» **Your task**
Reproduce the entries that follow exactly, dropping each image.

Stored dataset items:
------------------------------------------------------------------------

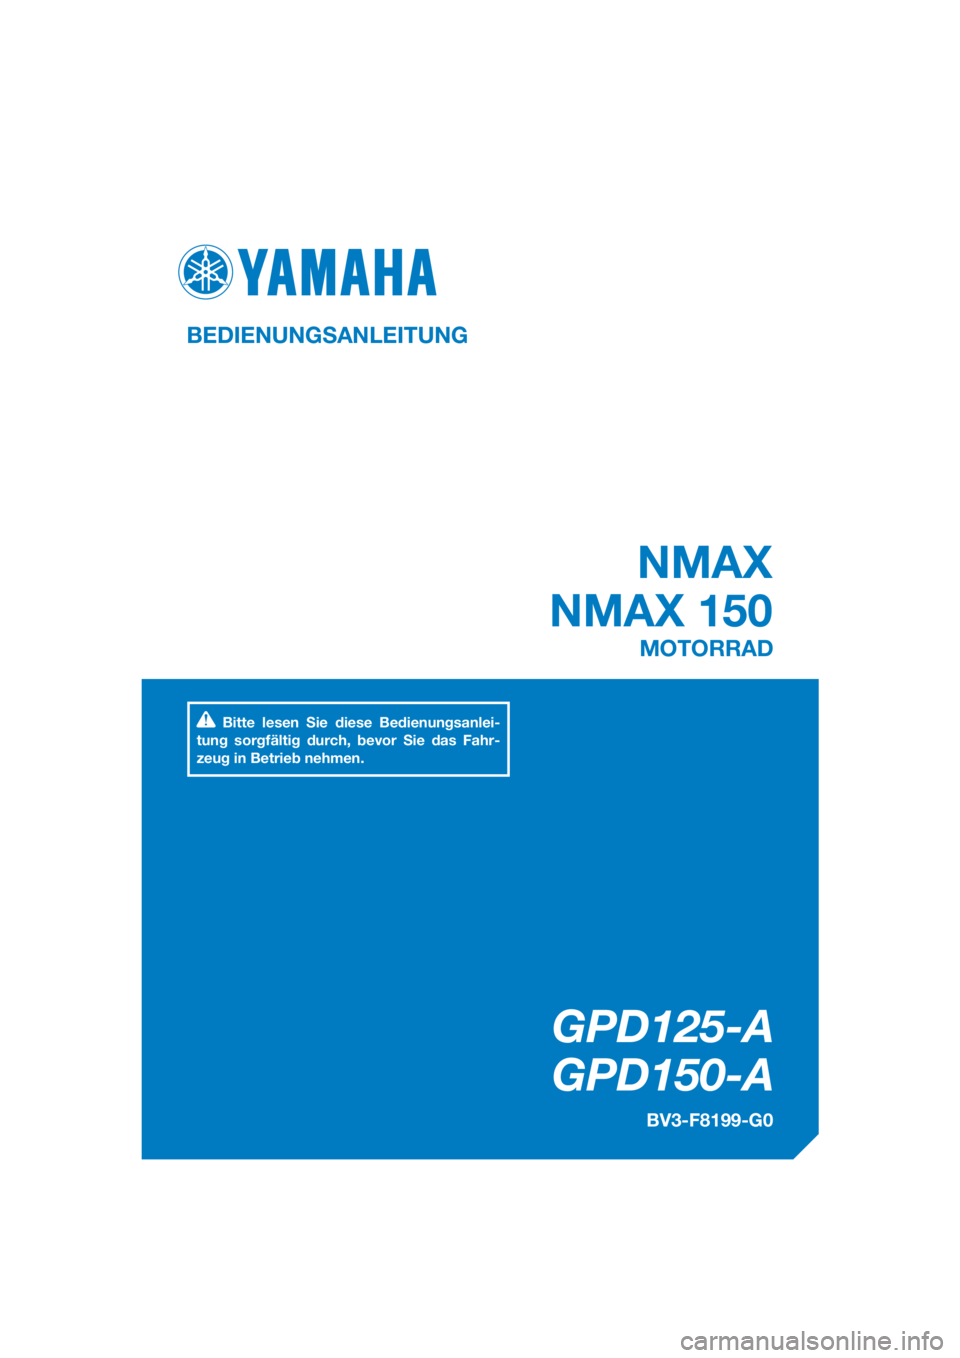 YAMAHA NMAX 125 2016  Betriebsanleitungen (in German) DIC183
GPD125-A
GPD150-A
NMAX
NMAX 150
BEDIENUNGSANLEITUNG
BV3-F8199-G0
MOTORRAD
Bitte lesen Sie diese Bedienungsanlei-
tung sorgfältig durch, bevor Sie das Fahr-
zeug in Betrieb nehmen.
[German  (G)

------------------------------------------------------------------------

» **Result for this exercise**
 YAMAHA NMAX 125 2016  Betriebsanleitungen (in German) DIC183
GPD125-A
GPD150-A
NMAX
NMAX 150
BEDIENUNGSANLEITUNG
BV3-F8199-G0
MOTORRAD
Bitte lesen Sie diese Bedienungsanlei-
tung sorgfältig durch, bevor Sie das Fahr-
zeug in Betrieb nehmen.
[German  (G)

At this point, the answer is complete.